As with all business decisions, it's a cost/benefit problem. What is the benefit of fixing a bug or adding a feature? What will it cost (including the opportunity cost of not doing something else)?
Pick those that have the most benefit for least cost. What you're aiming for is the maximum bang-per-buck. Resources are limited, desires are not, the perennial problem of capitalism :-)
There's no point fixing a bug experienced by only one customer who's never going to throw more repeat business your way if it means a feature that will sell hundreds of copies is dropped in the meantime.
For what it's worth, our company has a database of requested changes where customers can basically vote for what they want to see in upcoming versions of our products. The actual creation of these requested changes in that database is limited to the sales force since we don't want all sorts of requests showing up without being evaluated and discussed at least a little bit with the customers.
In addition, we regularly approach our biggest customers (in terms of revenue generated) with the list to figure out what features should be added (they are free to suggest their own desires as well, which also get entered into the database - obviously voting power depends a bit on revenue).
This is quite separate from our bug system although quite often bugs are raised which are actually new feature requests, and they're shipped across to the new features database. It's possible that this may even happen for real bugs that are considered low-impact or have a suitable workarounds in place.
We ask our users.
We have a niche product, and a small user base.
Seriously, the users group are paying maintenance, or thinking about buying.
So we ask them what they would like.
They suggest fixes, ask for new features.
We tell them about the development roadmap: because we have things we want to do to the product ,
due to times changing, design ideas. Changes to regulations.
And if every customer says "we really need feature X" : then it'll come next.
If they say "you guys need to fix the bug where I click there an it doesn't do blah:" then that bug gets fixed.
Commercial software: with the customers voting for changes.
Of course, we take their choices on advisement: the company have other things that are thinking about.
We always look at the cost of fixing the bug versus the problems caused by it. Sometimes, it just isn't worth it to have every single bug properly triaged, root caused, then fixed.
Plenty of times a particular enhancement or new feature is being funded or at least strongly recommended to occur by a large/good customer, so that also affects matters.
I like to think that bug fixes should always come before enhancements and new features, in all cases. Even if the particular bug isn't bothering you too much as the developer, someone somewhere is having their day ruined when your little error pops up.
distinguish, yes.
bugs take priority, yes.
all critical / normal priority and above bugs first, yes.
yes, the 80/20 rule.
no, bugs and features have to be treated differently because they are weighted differently.
yes, all commercial, open-source, and in house applications have their own way to do things.
As an example, FogBugz uses Evidence Based Scheduling and is the only management/tracker that i know of that uses that formula.
Hope that helps!
You have to look at it from the standpoint of what the bug is.

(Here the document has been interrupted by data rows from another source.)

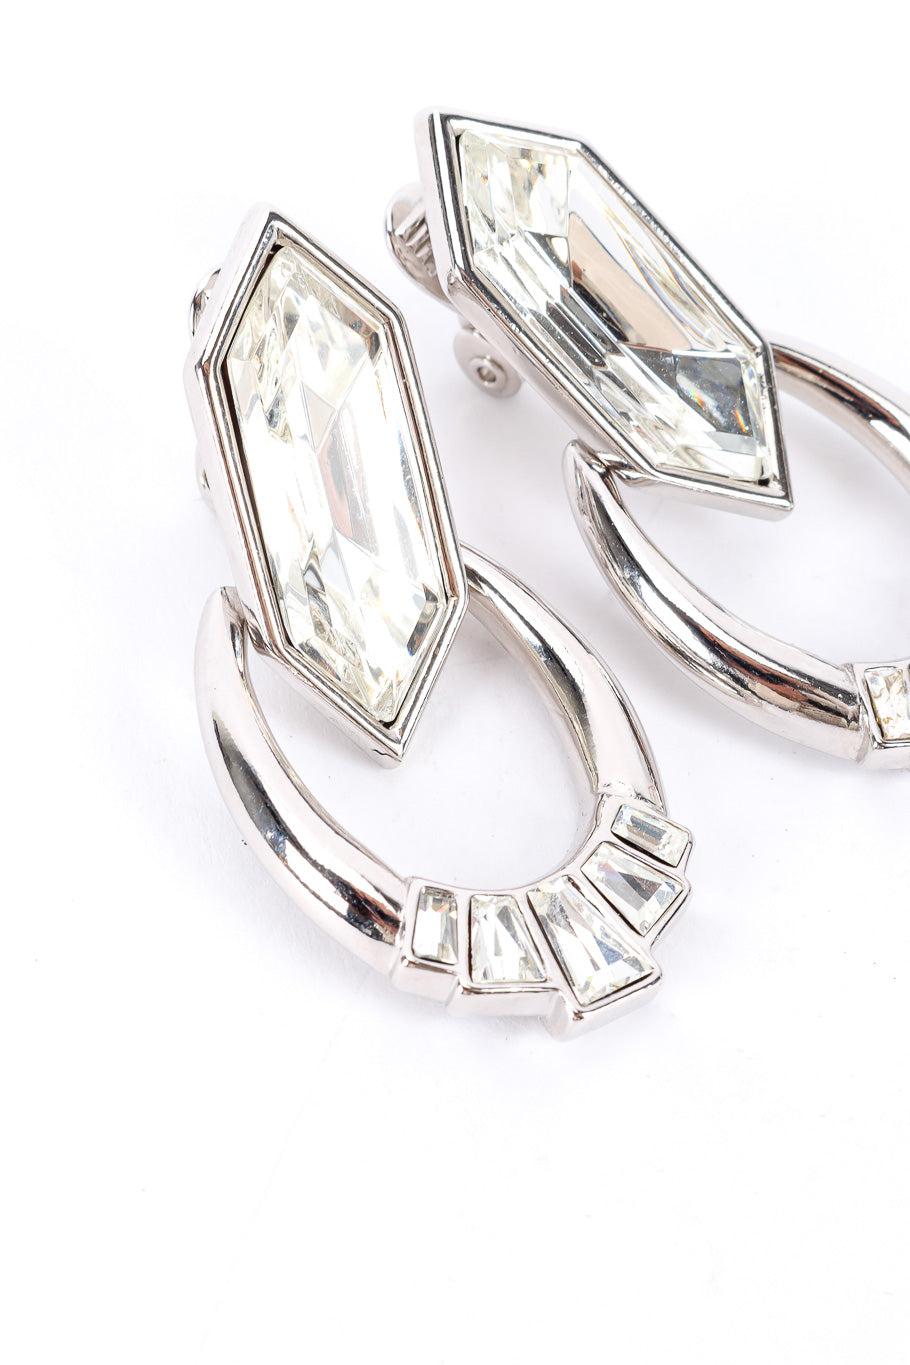 Vintage Yves Saint Laurent Crystal Rhinestone Drop Earrings front closeup @Recessla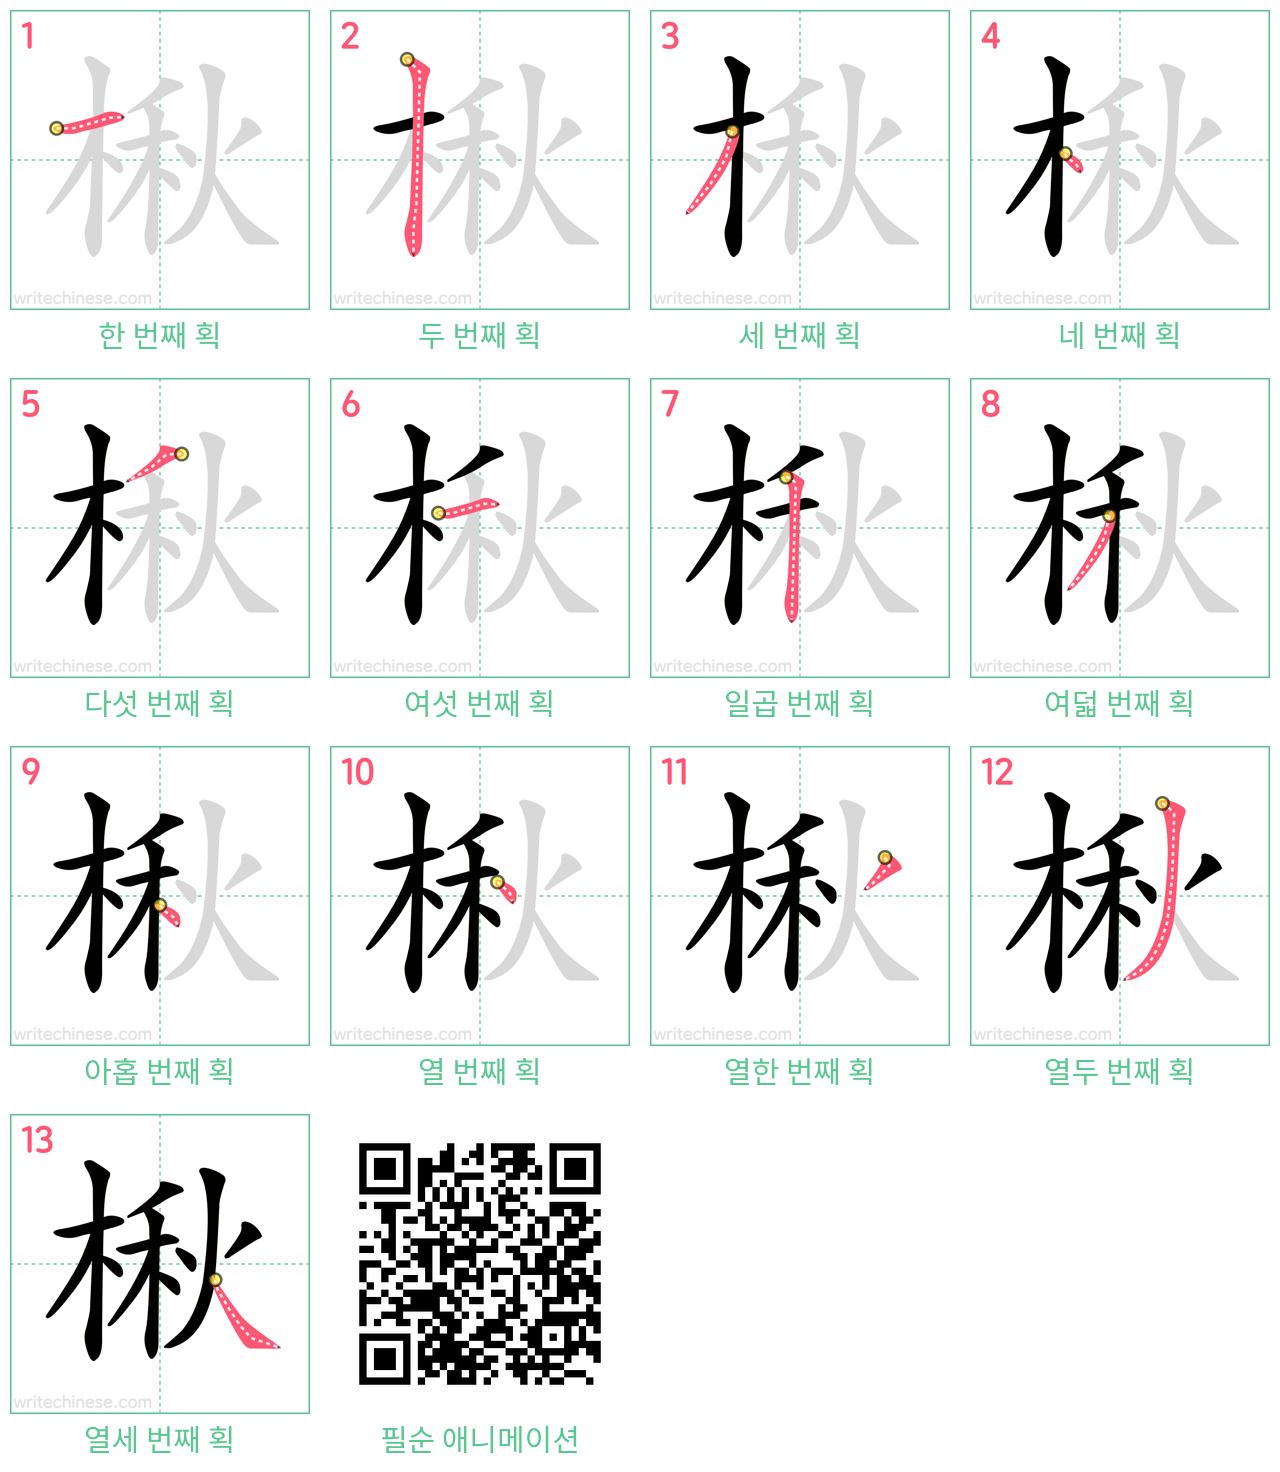 楸 step-by-step stroke order diagrams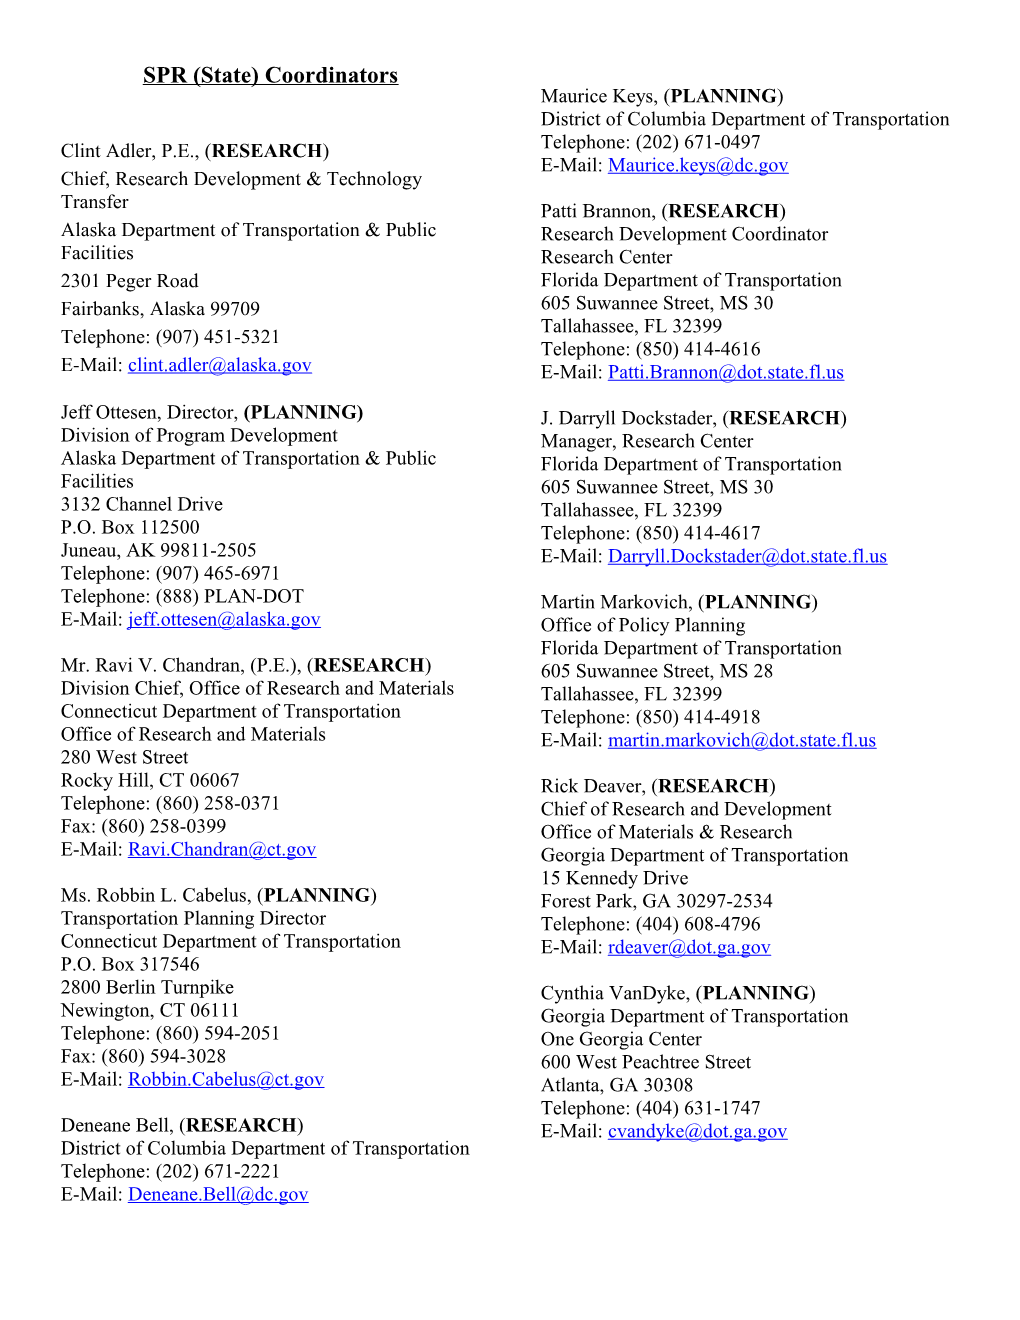 List of SPR Coordinators (Updated 7/5/11)

A show-stopper bug is always number one priority. If people can't log in or critical data can't be entered or adjusted, etc. then that must take precedence over pretty much everything.
Bugs of lower significance can be worked in as need be. We may delay fixing a bug becasue we know we are working on that section for an enhancement next week. Then the bug fix will go with the enhancement. We may delay fixing a bug if it is minor and a planned enhancement will replace the code entirely shortly. A major enhancement might take precendence over fixing some typos on the interface. A client may tell us that this other project is more critical and to do it before fixing the bug (our software is highly customized by client). It all depends on the affect of the bug and existing plans and corporate politics once you are past the show stopper. A bug that is bothering a major client may take higher precedence even if it seems minor to the developer. If the CEO wants it fixed now, doesn't matter how unimportant it seems compared to the rest of the workload, it gets fixed now.
Point 5 of The Joel Test: 12 Steps to Better Code makes a compelling argument (in my opinion) that it's a good idea to fix bugs before writing new code.
For bugs, it's pretty simple: If you're going to fix it, fix it before you write any more code. Why? The more code you add, the harder the existing bug will become to find.
If you're okay with the idea of the bug never being fixed, by all means triage it over and add features.
Bugs? We have no bugs. They're undocumented features.
For us the choice is always based on business decisions and as a developer I have no input beyond offering my opinion on what should be top priority. More often than not, features win over bugs because adding features "appears" to the business area like progress is being made and bugs that I could have fixed a year ago continue to exist because the business side only wants to see "progress". Triage is great if your allowed, but all too often in the corporate environment, it's about visible results, not functionality.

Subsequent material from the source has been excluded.